According to a 2013 report published by the Washington Office on Latin America looking at the first year of Peña Nieto's administration, the gendarmerie, originally advertised as a 40,000-member paramilitary police force, will be reduced to 5,000 civilian members within the Federal Police, and will not be operational until July 2014.

====Colombian advisor====
Peña Nieto promised that if he was voted in, he would appoint Óscar Naranjo as his security advisor, a prominent Colombian police general. Naranjo is highly qualified for the job, having already lived the transformation of a discredited police force in Colombia. In the 1980s, when Naranjo was a young officer, Colombia's police force had very similar problem to the one in Mexico: almost all the police was under the payroll and service of the drug lords. Today, the National Police of Colombia is a model of reform in Latin America and often train police forces around the hemisphere. As head of the police force, Naranjo's "single greatest achievement" was Colombia's creation of the most effective and sophisticated intelligence agency in the region. According to InSight Crime, Naranjo has worked closely with several corrupt officials, and accused on more than one occasion of being corrupt himself. But although rarely acknowledged, working on a regular basis with officials one cannot trust and gently discharging them with minimal harm like Naranjo did is essential to reform efforts. CS Monitor alleges that Naranjo knew how to marginalize corrupt officials and maximize the use of his honest personnel. Nonetheless, Naranjo will be working in Mexico, a country with twice the population of Colombia, and with many of the police forces working at a municipal and state level and out of the federal control. The bureaucratic and political challenges that Naranjo will face in Mexico may stifle his attempts to reform the country's police force.
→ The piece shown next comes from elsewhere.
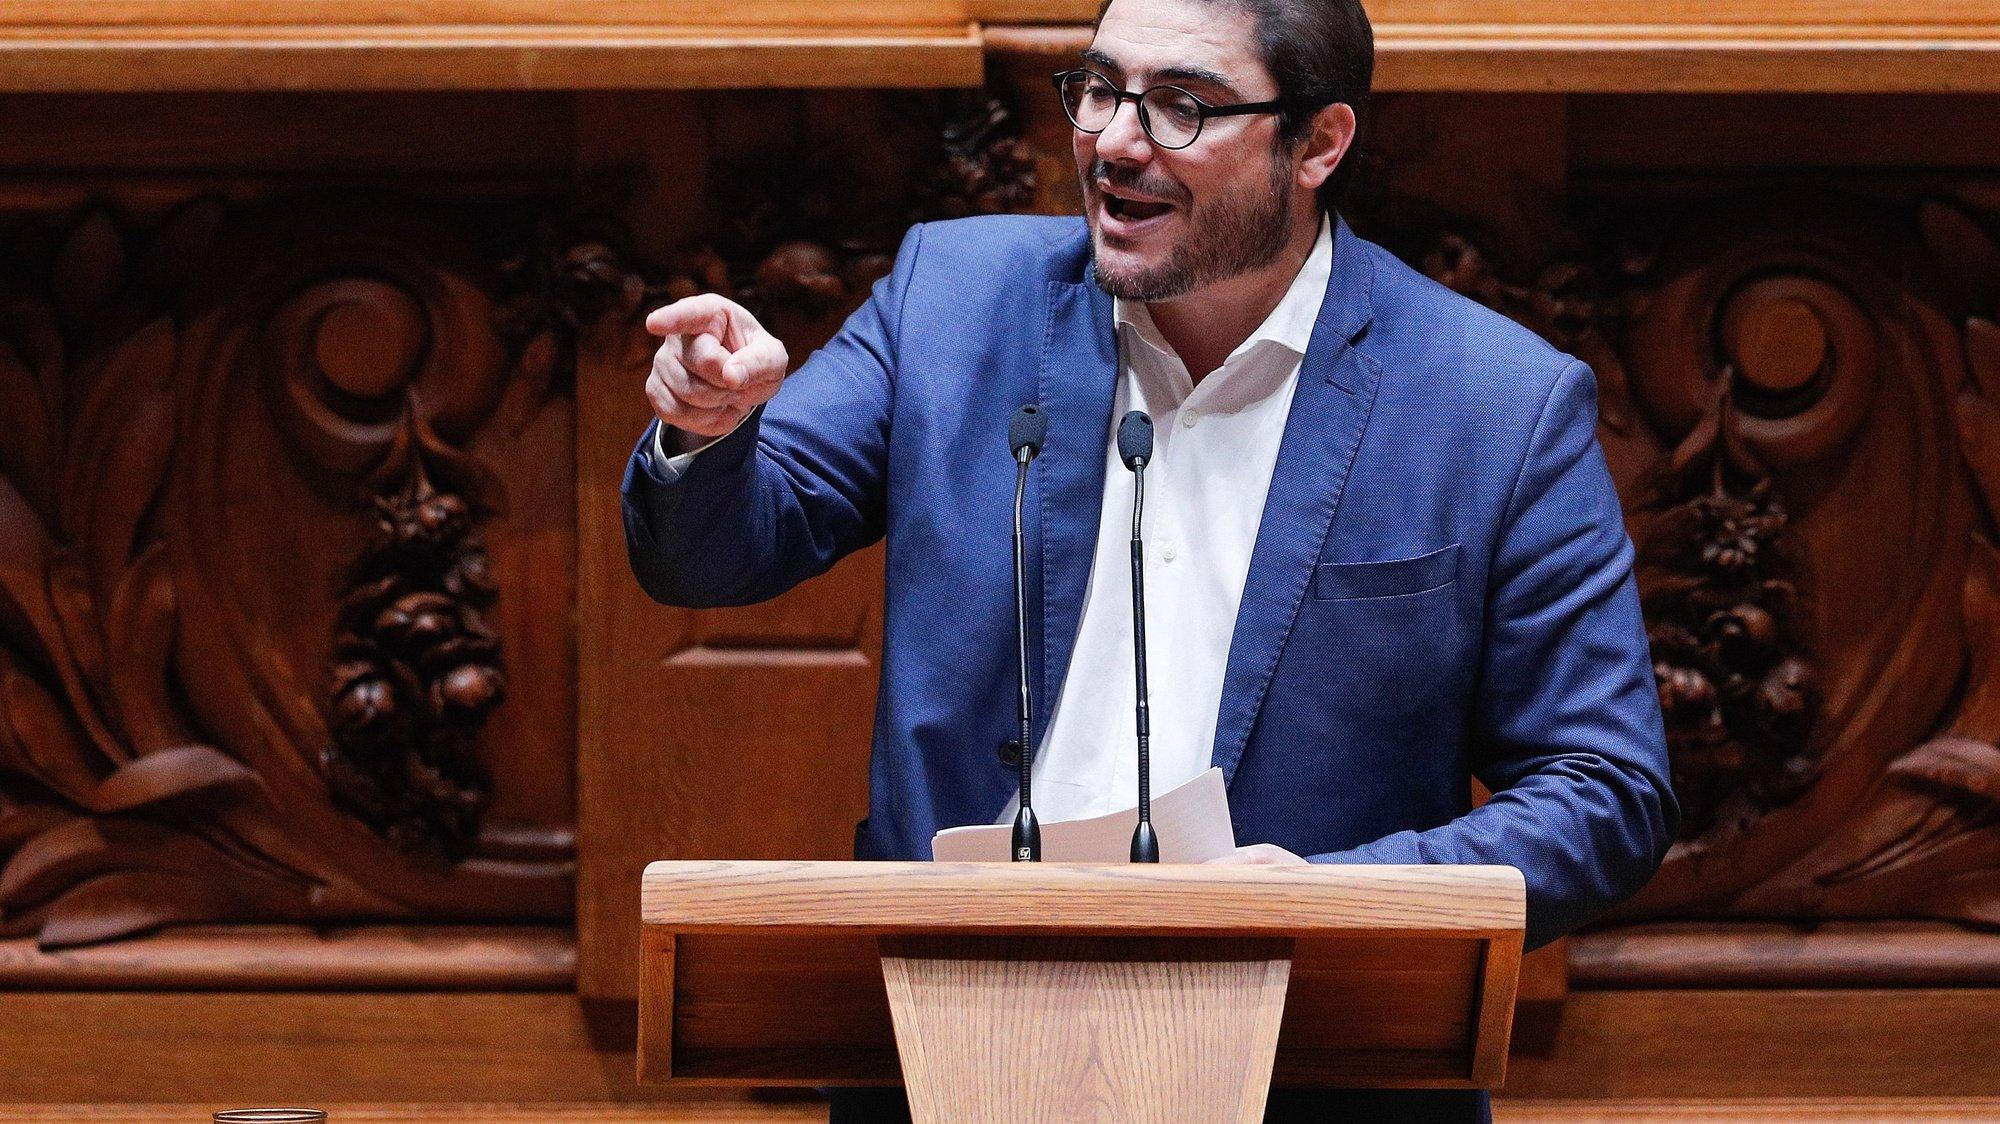 O líder parlamentar do Partido Comunista Português (PCP), João Oliveira, intervém, durante o debate sobre o pedido de autorização de renovação do estado de emergência na Assembleia da República, em Lisboa, 20 de novembro de 2020. ANTÓNIO COTRIM/LUSA

Naranjo will also be handling a different organizational structure, which may perpetuate "political battles" between the SPP, the Secretariat of National Defense, and the Attorney General of Mexico over who keeps certain resources, information, and prestige.

Peña Nieto promises that Naranjo's incorporation will bring Mexico into a robust focus on the financial networks of the cartels, just like the strategy that was implemented in Colombia. Nonetheless, it is still unclear whether attacking the financial sectors of the drug cartels will bring down the violence. According to The Huffington Post, Naranjo said that the new gendarmerie will not just target major drug traffickers, but mid-level and lower-level cartel hitmen as a way of reducing the violence. He also mentioned that Peña Nieto might fulfill his promise of bringing down the number of murders and kidnappings by 50% during his six years as president. The tactic used by Naranjo in Colombia has generated questions whether that strategy could produce similar results in a different country. In addition, according to InSight Crime, it is highly unlikely that Peña Nieto will bring such a drop in the murder rate with his security policies alone. However, there are tentative signs as of 2012 that the violence in Mexico is already peaking and that the cartels are opting for policies of more cautiousness and lower visibility, which could mean that it could begin to decline significantly during Peña Nieto's administration.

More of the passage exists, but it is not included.